Work required.
Under this line are the records; write out word for word the part that begins at the line containing "Rough treatment for" and ends at the line containing "Bejeweled Display® Parrot", and no more.

=-=-=-=-=

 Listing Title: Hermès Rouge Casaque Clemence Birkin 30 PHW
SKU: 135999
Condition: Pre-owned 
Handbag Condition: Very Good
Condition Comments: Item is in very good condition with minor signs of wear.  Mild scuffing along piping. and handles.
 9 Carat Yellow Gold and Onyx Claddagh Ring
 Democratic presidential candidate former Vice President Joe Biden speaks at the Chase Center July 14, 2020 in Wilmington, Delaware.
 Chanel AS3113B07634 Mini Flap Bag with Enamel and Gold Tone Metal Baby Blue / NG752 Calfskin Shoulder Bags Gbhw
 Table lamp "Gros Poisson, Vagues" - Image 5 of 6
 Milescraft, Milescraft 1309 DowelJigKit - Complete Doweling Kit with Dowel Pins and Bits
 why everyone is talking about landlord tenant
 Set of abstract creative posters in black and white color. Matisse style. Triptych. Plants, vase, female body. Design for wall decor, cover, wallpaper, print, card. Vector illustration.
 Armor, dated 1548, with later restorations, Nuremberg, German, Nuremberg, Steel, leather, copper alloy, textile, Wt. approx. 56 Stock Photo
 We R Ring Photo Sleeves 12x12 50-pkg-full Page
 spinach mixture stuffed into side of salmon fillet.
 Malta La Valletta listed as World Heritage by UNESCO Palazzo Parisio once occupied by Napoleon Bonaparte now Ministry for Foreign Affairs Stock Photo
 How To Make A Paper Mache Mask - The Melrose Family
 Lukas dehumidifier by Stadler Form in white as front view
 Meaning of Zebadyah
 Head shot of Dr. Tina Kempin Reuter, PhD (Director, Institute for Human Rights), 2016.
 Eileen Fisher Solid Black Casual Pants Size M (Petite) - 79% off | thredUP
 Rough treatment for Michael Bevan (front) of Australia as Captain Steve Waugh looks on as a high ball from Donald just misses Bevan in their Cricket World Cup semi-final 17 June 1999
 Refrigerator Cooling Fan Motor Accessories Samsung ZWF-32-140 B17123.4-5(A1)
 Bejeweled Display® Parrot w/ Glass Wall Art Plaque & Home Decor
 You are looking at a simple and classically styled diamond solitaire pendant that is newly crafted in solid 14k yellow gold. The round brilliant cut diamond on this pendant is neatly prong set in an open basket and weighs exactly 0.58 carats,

=-=-=-=-=

Result of this exercise.
 Rough treatment for Michael Bevan (front) of Australia as Captain Steve Waugh looks on as a high ball from Donald just misses Bevan in their Cricket World Cup semi-final 17 June 1999
 Refrigerator Cooling Fan Motor Accessories Samsung ZWF-32-140 B17123.4-5(A1)
 Bejeweled Display® Parrot w/ Glass Wall Art Plaque & Home Decor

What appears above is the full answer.